⑬クロード、逃げ回る
その後クロードは父の様子や屋敷、海の向こうへ向かった友人を気にしつつ、領地内や周辺を回って過ごしていた。穏やかな気候に恵まれ、避寒や保養地を目当てにやって来る人々はそれなりにいる。そして今まで父が熱心に領地を運営してくれていたので、途中まで大きな問題は発生しなかった。

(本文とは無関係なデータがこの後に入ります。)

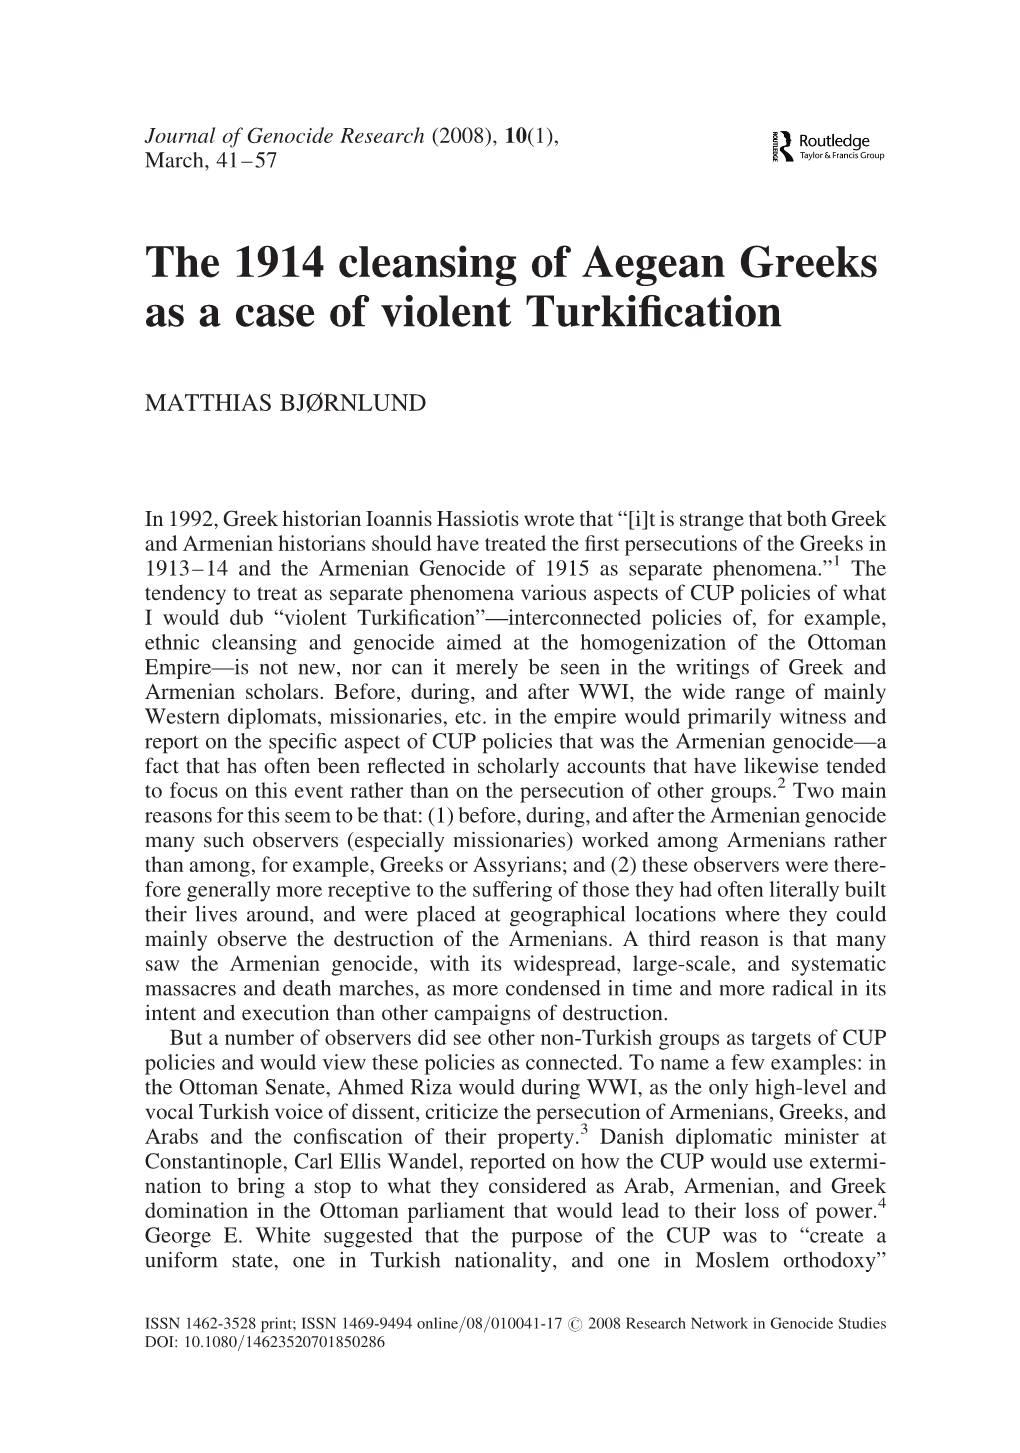 The 1914 Cleansing of Aegean Greeks As a Case of Violent Turkification

しかしある時に、にこやかに声を掛けて来る者があった。
「いやはや、お若い身で爵位を継いだとなればさぞかし、不安も多い事でしょう。ここで行き合ったのもご縁でしょうから、どうかお見知りおきくださいませ」
相手はスペンス商会と名乗った。元からいくつかの貴族家と繋がりがあり、王都周辺で土地を売買して利益を上げていると語った。初対面のような口ぶりで応じつつ、クロードには聞き覚えのある名前だった。
少し前、かつてグレイセルを放逐した生家がどうなっているのか、密かに調べていた。本人には伝えていないが、昔と考えが変わって交流や支援に繋がる道筋ができるのではないかと考えた。ところが既に、絵に描いたような没落の一途を辿った後である。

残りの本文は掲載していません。